I've been researching some interesting takes on heroin withdrawals, and alternatives to methadone (in the plot line, the male lead only resorts to his step sister as a last resort, having tried and failed the normal rehab routes three times) therapy. I think I could craft it in such a way as to make it both unique and believable, but right now, I have two characters hissing and spitting at each other, which solves nothing. >.<

On the bright side... as long as I'm cussing at these two, my other plot bunnies stop hissing and showing their little vampire fangs at me.
I'll offer my encouragement, too, Falling. :rose:

I agree, to some extent, it would be very easy to fall into cliché, but there is incredible emotional potential in your story. Loving someone and watching them die in pieces from addiction, or watching them suffer the agony of withdrawals; those are powerful things.

Understanding, but not understanding; taking on the impossible task of helping but hurting yourself and them in the process; honestly hating them for what they are doing to themselves and to you; and loving them because they are who they are - makes your soul hurt just think about it.

Write it. And much, much luck. This one's gonna hurt. :rose:

Peace,

Yui

P.S. Bunnicula Plot Bunnies? :D
 
yui said:
P.S. Bunnicula Plot Bunnies? :D


Bunnicula on super speed!

And thanks, guys, for the comments, suggestions, and thoughts. I'm slogging through the outline right now, and it's already hurting. :p I can't imagine how harsh it's going to be once I actually start fleshing in this rough sketch.
 
FallingToFly said:
Bunnicula on super speed!

And thanks, guys, for the comments, suggestions, and thoughts. I'm slogging through the outline right now, and it's already hurting. :p I can't imagine how harsh it's going to be once I actually start fleshing in this rough sketch.

And thank you. I'd actually given up on this story as being more than I could handle, and FtoF's post convinced me to pullit our and finish it as best I can. It's a story wirth telling.

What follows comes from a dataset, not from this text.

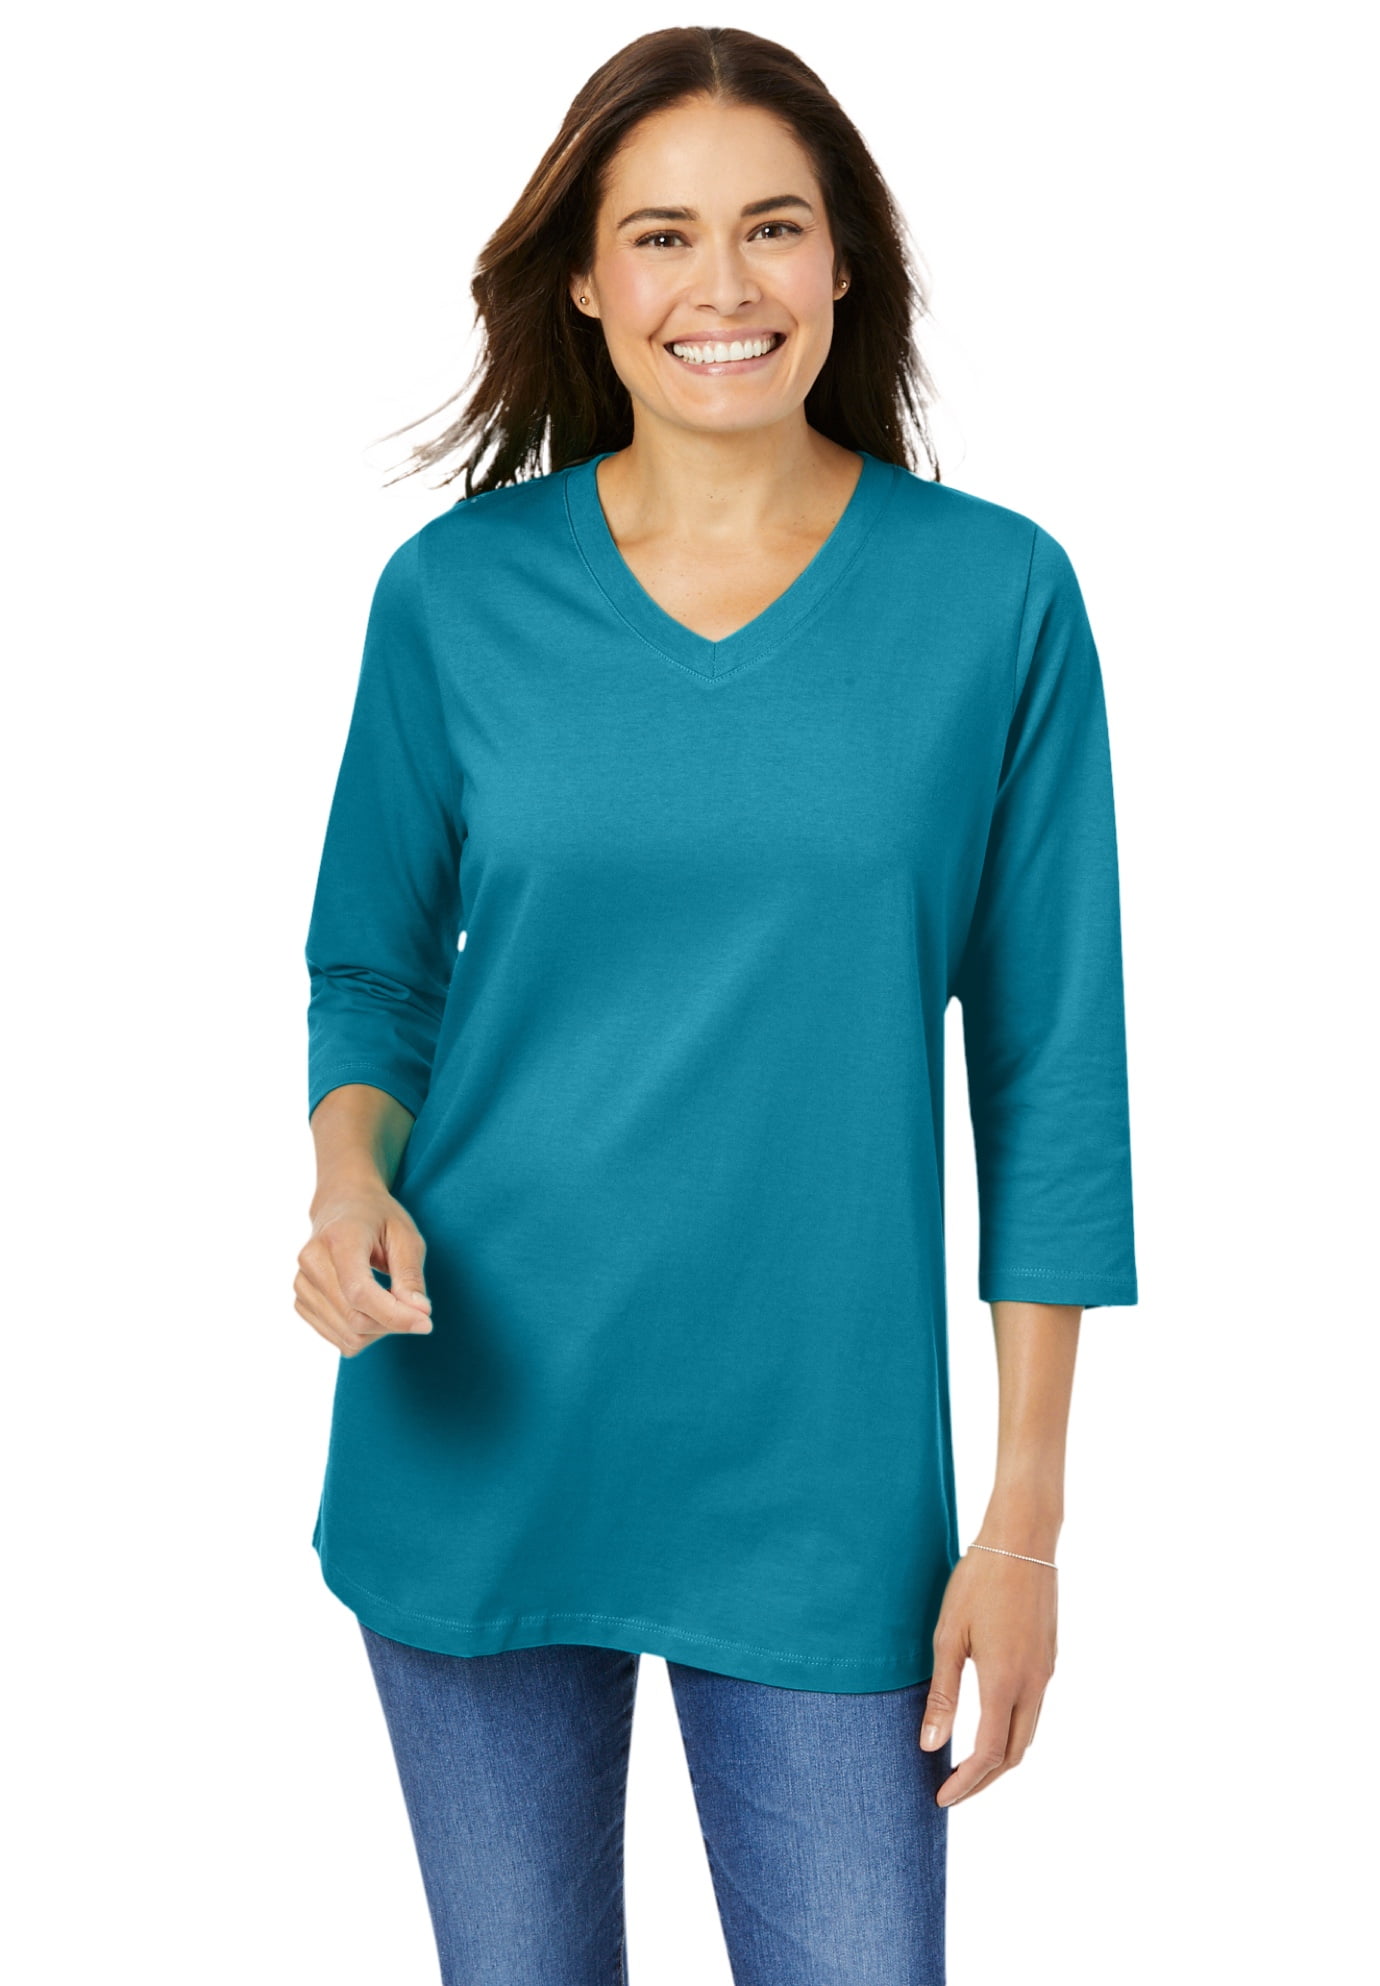 Woman Within Women's Plus Size Perfect Three-Quarter Sleeve V-Neck Tee Shirt

No, Yui, I'm not going to rub anyone's nose in the symbolism, but I've got to tell you, I have a scene where my hero shoots up my heroine with junk for the first time, and it turned out to be one of the most wickedly erotic things I've ever come across--sliding the needle into her vein and pulling a thread of her blood up into the dropper, then squeezing down on the bulb and watching her succomb to that chemical ecstasy. Of course, I had to lie here, because a person'd first experience usually results in some very unpleasant sensations, but the parallels between sex and drugs is so blatant, no explanation is necessary. They're the same thing.